Una enorme residencia universitaria ocupa el solar del número 5 de West Road, donde hace tiempo vivimos en aquella casa espléndida y nos relajamos en su bonito jardín. No obstante, algunos de los árboles más importantes siguen en pie gracias a la campaña que emprendí en los años noventa, cuando descubrí los destrozos que había sufrido el jardín después de que nos mudáramos. Viendo cómo el avión, camino de Seattle, proyecta su sombra sobre el norte de Canadá y expulsa sus gases sobre la menguante superficie helada del Ártico, me pregunto si la destrucción de nuestro jardín en nombre del progreso no fue otro pequeño síntoma de la frenética carrera por explotar los recursos del planeta que está conduciendo a su inexorable deterioro. Al igual que aquella casa y aquel jardín, nuestras vidas fueron víctimas de la destrucción, pero el espíritu esencial de la familia —en verdad, la afirmación de todos mis años de juventud— perdura y se reafirma en las ocasiones en que podemos reunirnos y gozar de nuestra mutua compañía. Si el espíritu de la tierra podrá con el tiempo recuperarse y reafirmarse es la pregunta más importante a la que se enfrenta la humanidad, no muy distinta de la amenazadora pregunta de la década de los sesenta, cuando Stephen y yo nos conocimos: la de si la tierra y todas sus formas de vida estaban destinadas a desaparecer por una guerra nuclear.

Posdata. Mayo de 2007

Desde que terminé de escribir el epílogo, Stephen ha realizado su vuelo en gravedad cero y ha regresado a la tierra indemne, un triunfo que quedó reflejado en las fotografías publicadas en los medios de comunicación. Su sonrisa mientras flotaba en ingrávida liberación habría conmovido a las estrellas. A mí, desde luego, me conmovió profundamente y me indujo a reflexionar sobre el gran privilegio que fue viajar con él, aunque fuera una corta distancia, hacia el infinito.

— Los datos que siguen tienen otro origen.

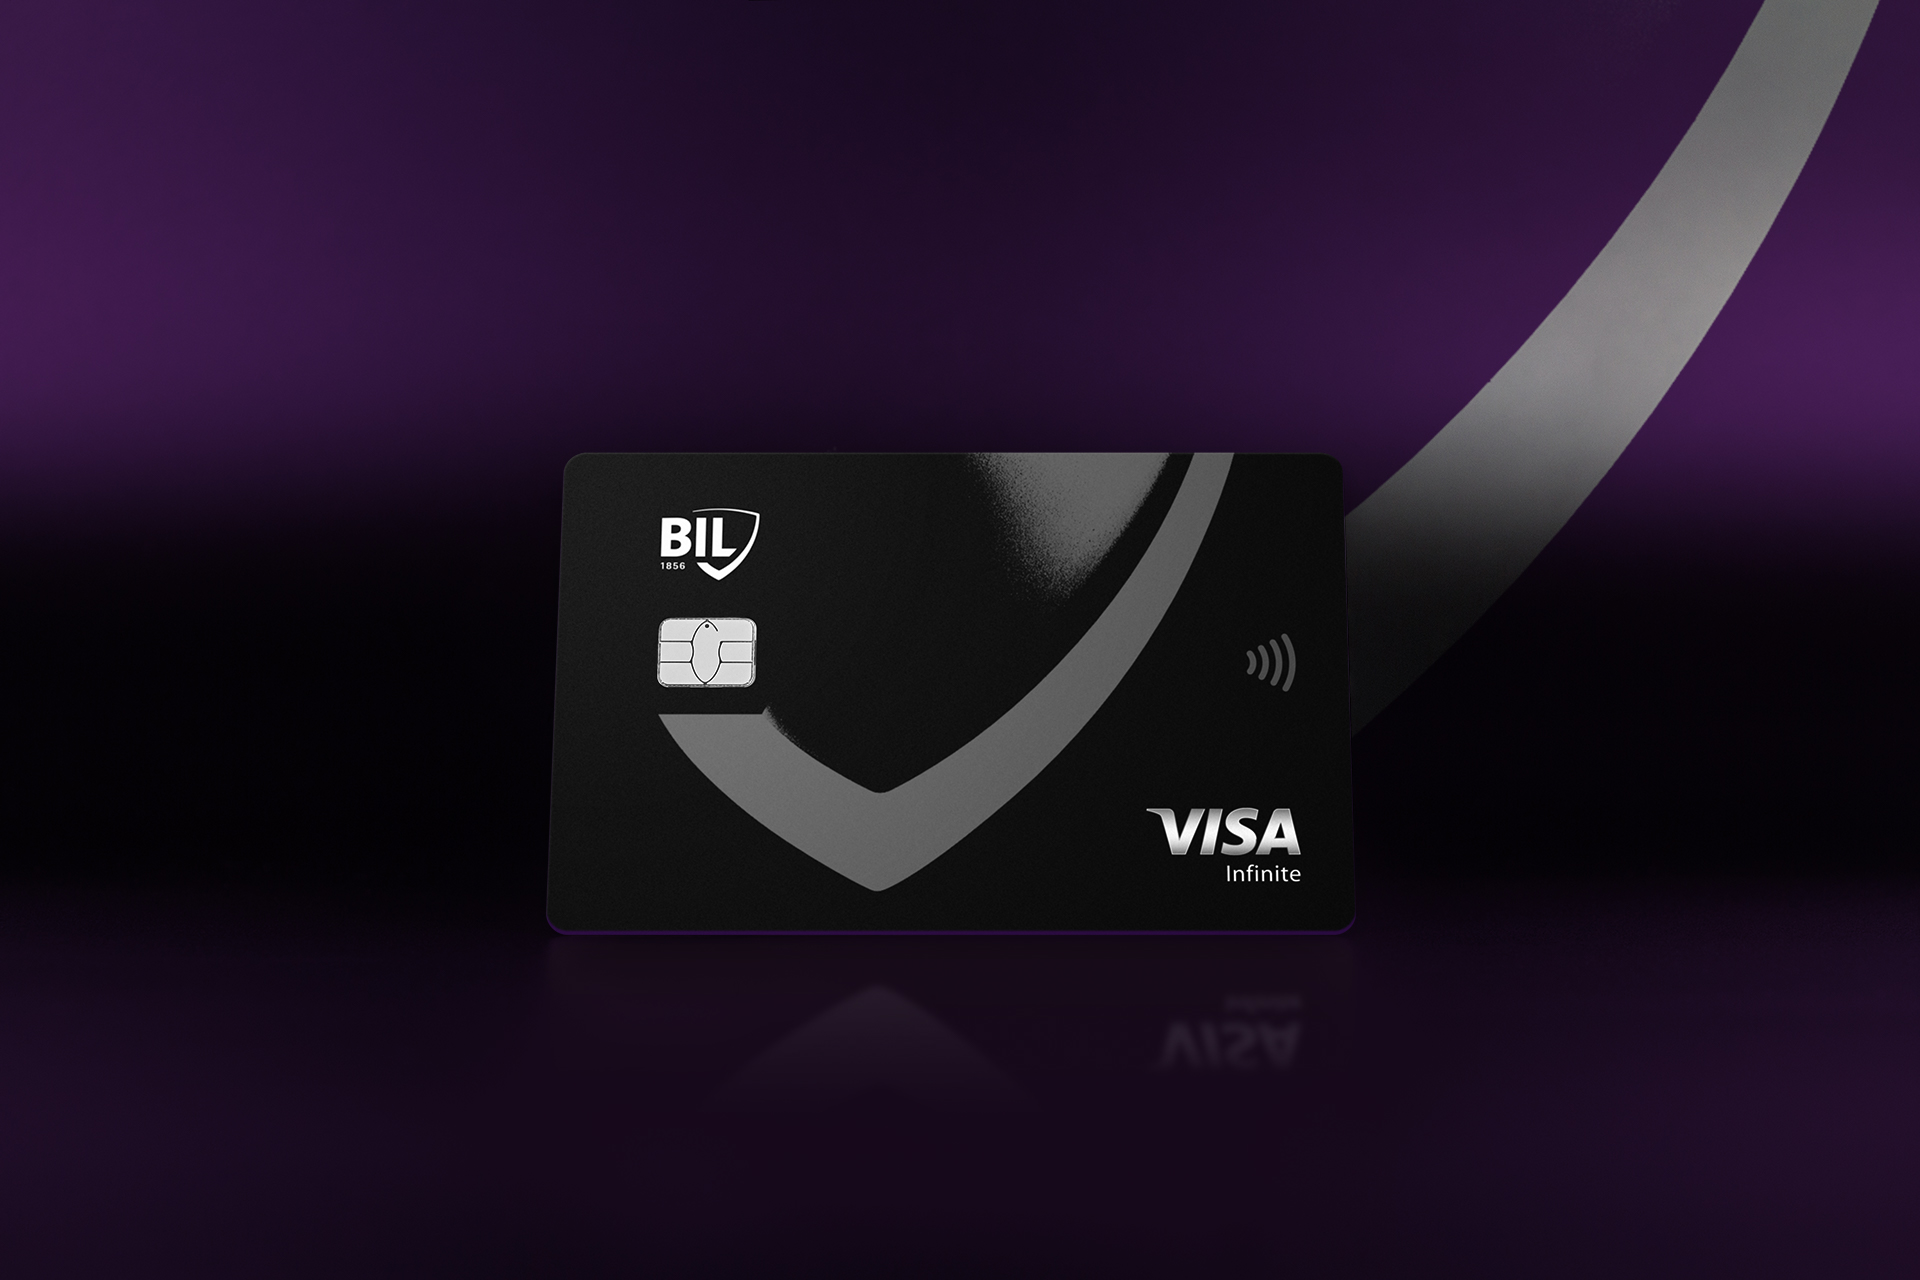 Vue de la carte Visa Infinite émise par la BIL. Elle est noire et de format horizontal, avec le motif décliné du logo écusson, en gris.

Última palabra. Agosto de 2014

La serie infantil de Lucy sobre imaginativas aventuras científicas, que comenzó con La clave secreta del universo, ha recibido elogios en todo el mundo. Ha batallado infatigablemente para obtener toda la ayuda que necesita William, quien se ha convertido en un joven encantador, cariñoso y muy atento.

Tim es ahora un próspero director de marketing y viaja mucho por razones de trabajo.

Robert, que sigue en Seattle, trabaja en alguna parte de la nube de Microsoft. Tiene una familia maravillosa y muy alegre, que nos mantiene interesados, ocupados y entretenidos siempre que viene a visitarnos a Cambridge.

Stephen, el científico más famoso del mundo, continúa siendo una figura central para la familia y para la física. De hecho, ¡estamos a punto de irnos todos juntos de vacaciones!